Key Points
- Ethereum’s co-founder Vitalik Buterin is advocating for an increase in L1 gas limits to improve scalability.
- The proposed increase could reduce transaction costs and strengthen censorship resistance.
Ethereum’s current gas limit plays a pivotal role in its network efficiency. Recently, the limit was raised to 36 million, but discussions are still ongoing about whether it should be increased further. In a recent blog post, Vitalik Buterin proposed a substantial increase in L1 capacity, even in a rollup-centric environment. He believes that lower transaction costs, stronger resistance to censorship, and improved scalability are crucial for Ethereum’s future.
Importance of Layer 1
Despite most activities being handled by Layer 2 solutions, Buterin insists that Layer 1 (L1) should not be overlooked. He suggests that scaling the base layer by almost ten times could bring significant benefits, such as simplified application development and enhanced security. This strategy would not reverse the trend towards rollups but instead provide a more robust foundation for Ethereum’s evolving ecosystem.
Censorship resistance is a core principle of Ethereum. A decentralized network should ensure prompt processing of transactions when users pay market fees. L1 validators are inherently decentralized, making censorship more challenging. On the other hand, Layer 2 solutions depend on a smaller group of operators, which increases the risk of transaction exclusion.
Layer 1’s Role in Cost and Security
Ethereum’s L1 serves as a protection against censorship on Layer 2 networks. If an L2 refuses to process a transaction, users can force inclusion on L1, albeit at a cost. At present, this process costs around $4.50 per transaction. Buterin argues that for this solution to be feasible, the cost must be reduced to less than $1. Achieving this affordability would necessitate an estimated 4.5x increase in L1 capacity.
Another significant issue is the transfer of assets between different L2s. When users move assets, they often require L1 transactions, particularly for lower-volume assets like NFTs. Currently, this process costs about $13.87 per transaction. With better designs, the cost could be reduced to as low as $0.28, but this would require at least a sixfold increase in L1 scalability.
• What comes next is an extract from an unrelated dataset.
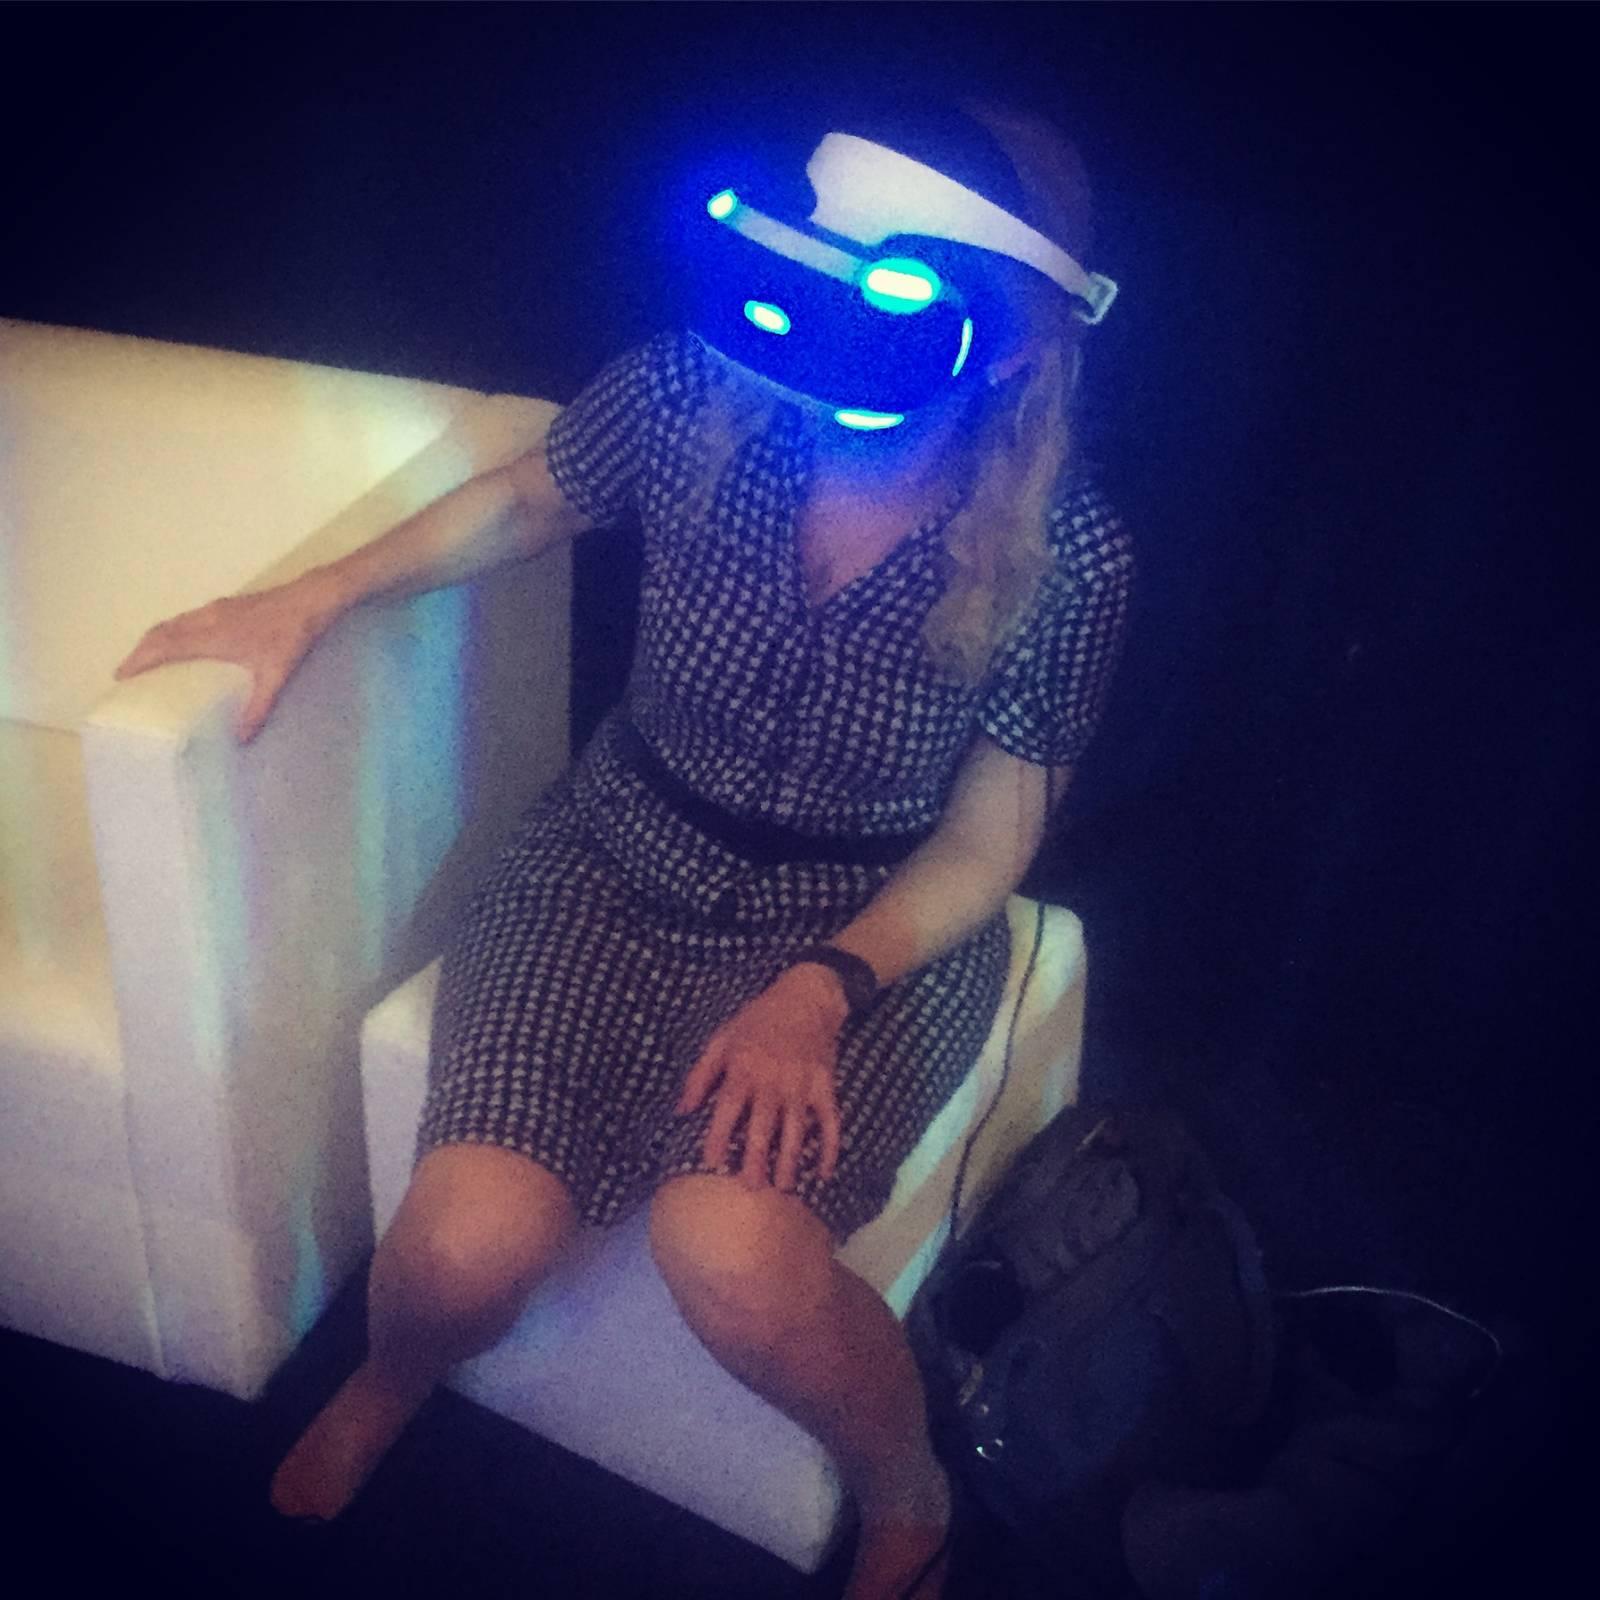 Sony-Morpheus-VR
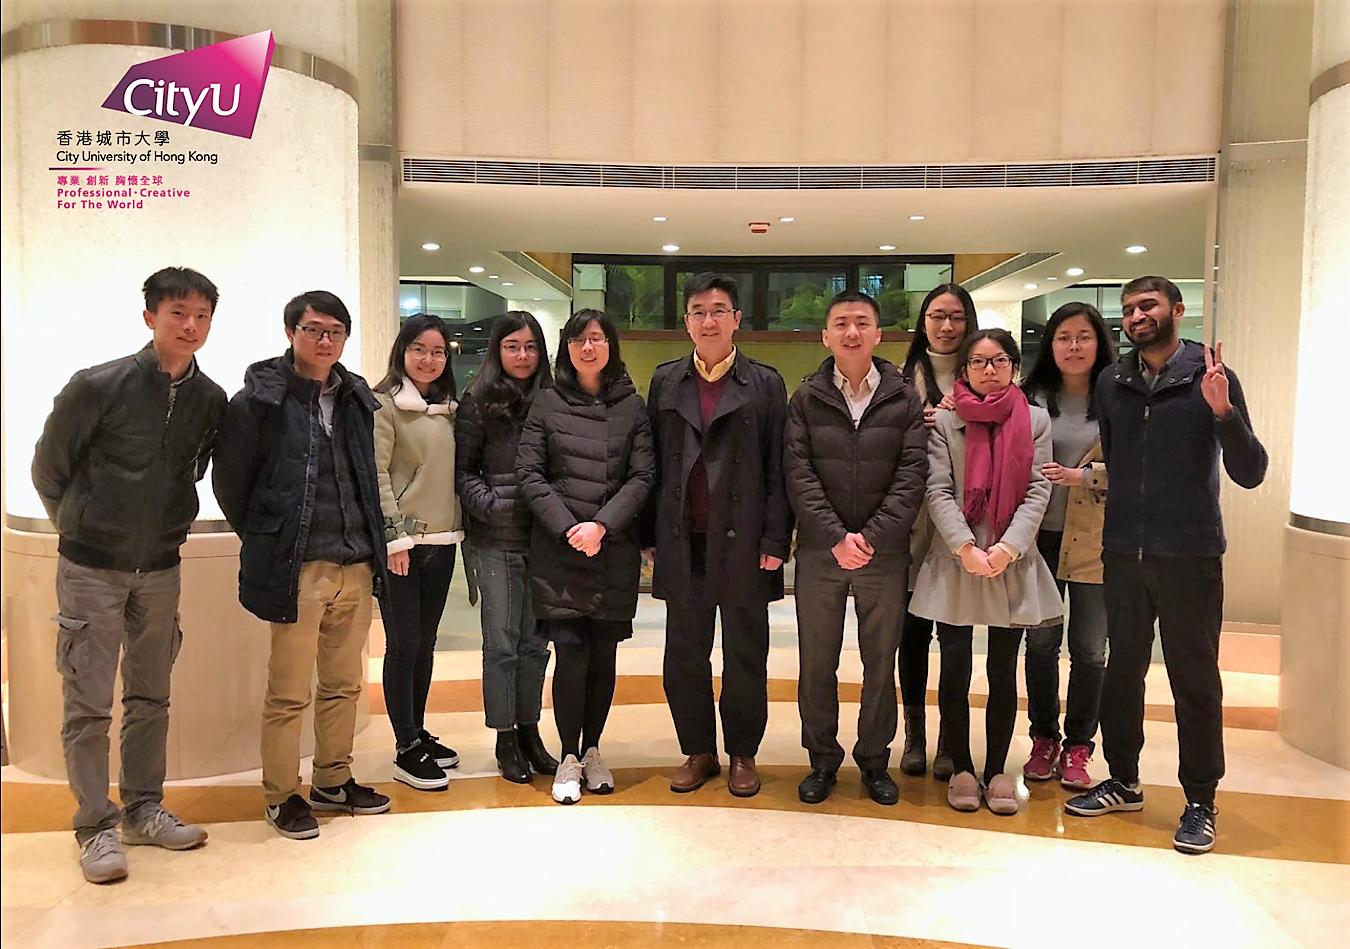 Prof. Xun-Li Wang and the research team took photo at CityU

The problem goes beyond daily transactions. In extreme cases, such as a mass exit from an L2, users need L1 to process withdrawals. The current capacity could only support 7.56 million users exiting a failing Plasma chain in a week. This limitation raises serious concerns about Ethereum’s ability to handle critical events if a major L2 encounters problems.
Optimizing mass exit protocols could allow L1 to support up to 121 million users in a single week, or 518 million over a month. However, even with these improvements, handling the scale of a global platform remains a challenge. If Ethereum aims to support a user base the size of PlayStation’s—approximately 116 million users—its current infrastructure may struggle to keep up.
Security is another concern. Issuing ERC20 tokens on L1 offers stronger protection against governance attacks. Many tokens are launched on L2s, but their security depends on the integrity of the L2 operator. L1 issuance is safer but more expensive. Lowering L1 transaction costs could promote more secure token launches, especially for smaller markets.
Wallet operations like key management also contribute to Ethereum’s gas load. Keystore wallets with L1 verification could simplify cross-L2 interactions, but gas costs must be reduced for this to be feasible. One potential solution is to shift key management functions to L2s while preserving L1-based security features.